As to the score adjusting, I went through Anaheim, St Louis, Colorado for similar standings comparison and Edmonton to see if they had a major shift due to score/McDavid factor.
I am not going to post the results since I can't figure out the formatting and they came out pretty similar to the first batch.
Calgary still tops the list for Overall use and Even strength use of the first line. As a % of total minutes, the Flames play their top guys the most and their bottom guys the least among all 7 teams. (Again this is based on top 3 mins played being first line. Ferland was somewhere near 6-7 for example)
The differences are minor, like someone mentioned earlier 1% is 30 seconds of ice-time, but Anaheim for example played their bottom 3 players 21% compared to 18% on the Flames.
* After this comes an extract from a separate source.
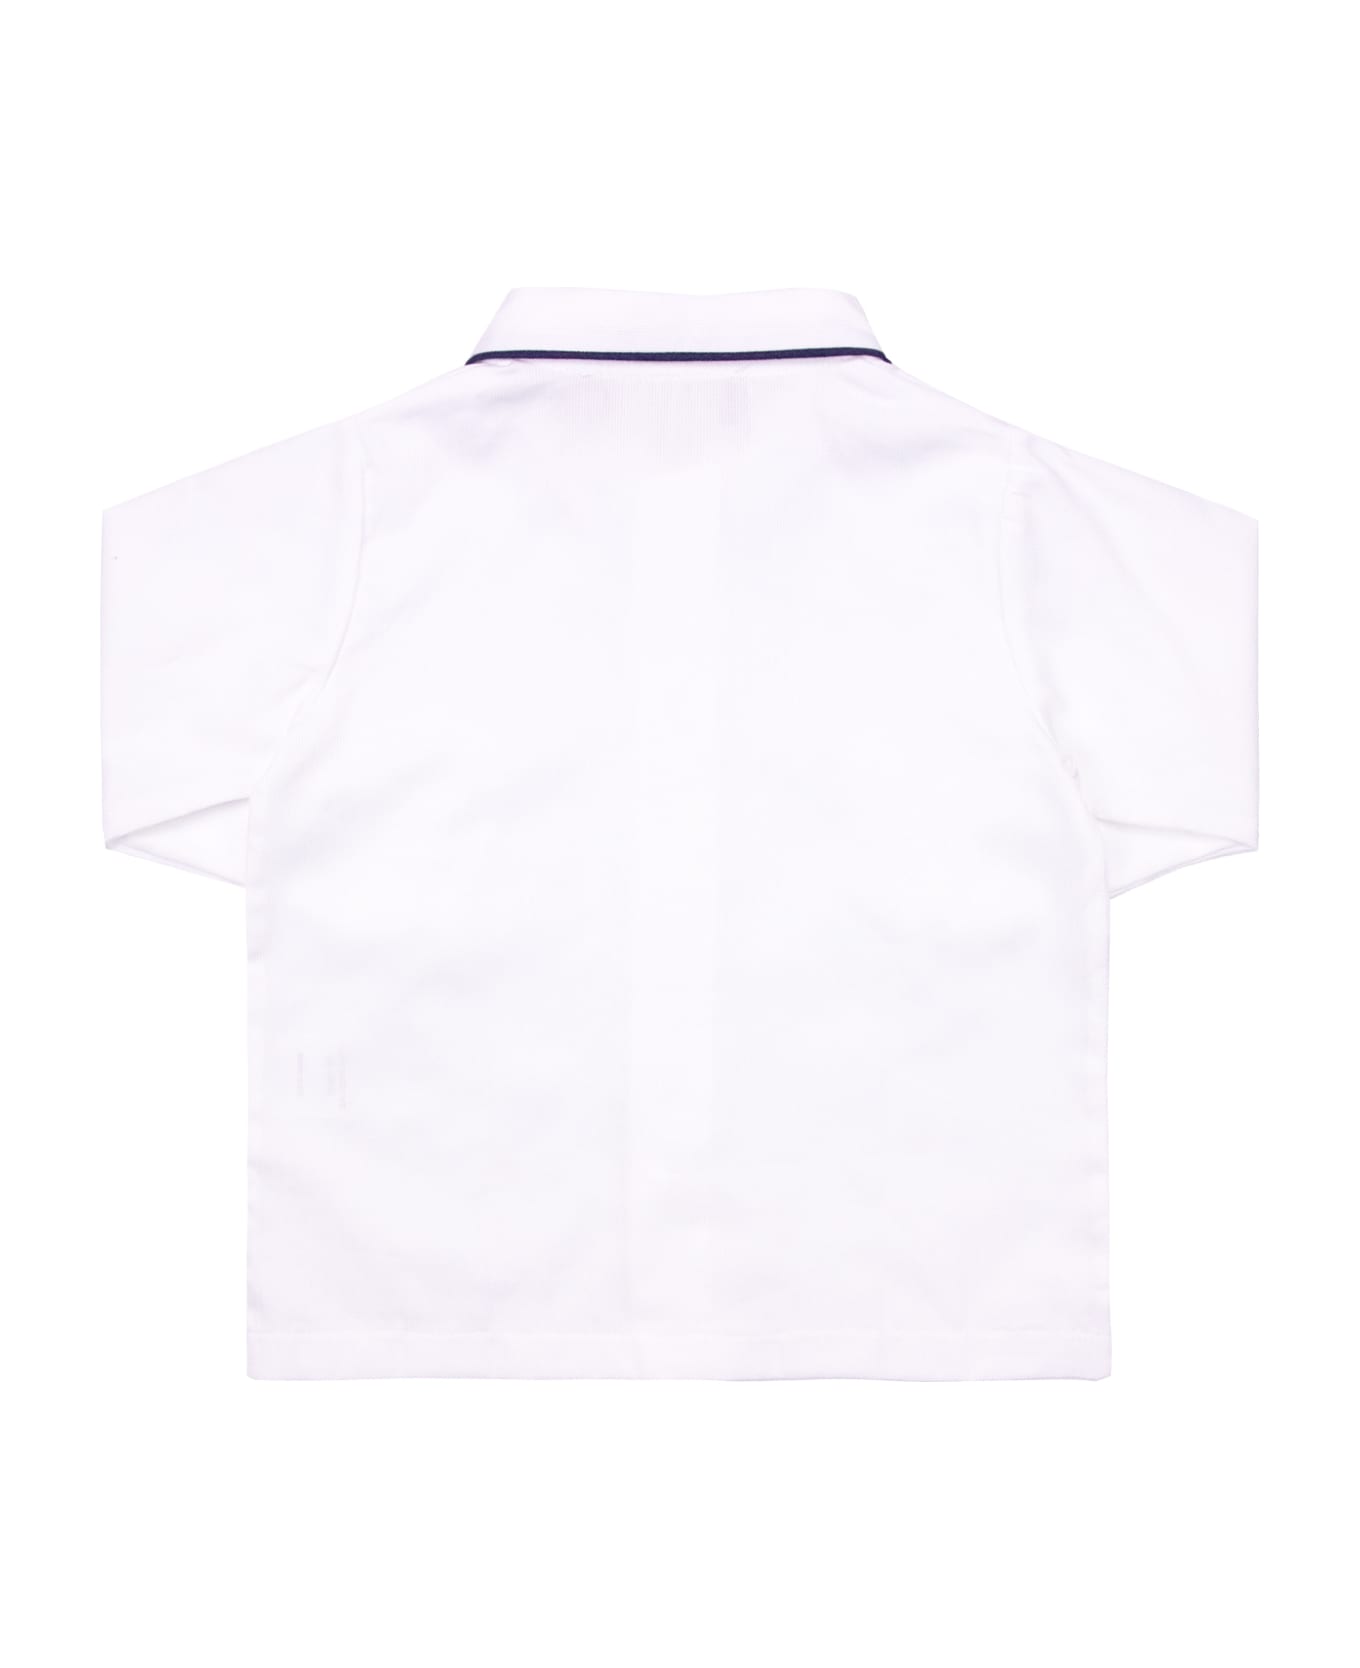 La stupenderia Cotton Shirt - White

That's a minute and a half, quite a lot of time for fourth liners.
St Louis was most comparable to the Flames leaning more on the top 6 than the bottom 6. Edmonton, even with the McDavid factor relied on their top 3 less than the Flames. They also made more use of their bottom 6, they rolled 4 lines like Nashville and Winnipeg without the talent depth.
I was looking for backup that GG overuses his bottom lines, and really the numbers show the opposite. In this sample of half the West teams he does the opposite. Now again, timing of usage is just as important as raw time on ice. Early on in the season putting the fourth line out after a goal, or there was a couple times where a late shift in the 3rd by the bottom 6 cost a game (but I think its actually less than people think it is).
So I don't think this lets him off the hook for anything, but when comparing the Flames to a contender vs a bubble team, you can see how the lack of depth has dictated line use and the contenders rely much more on all 4 lines than the bubbles.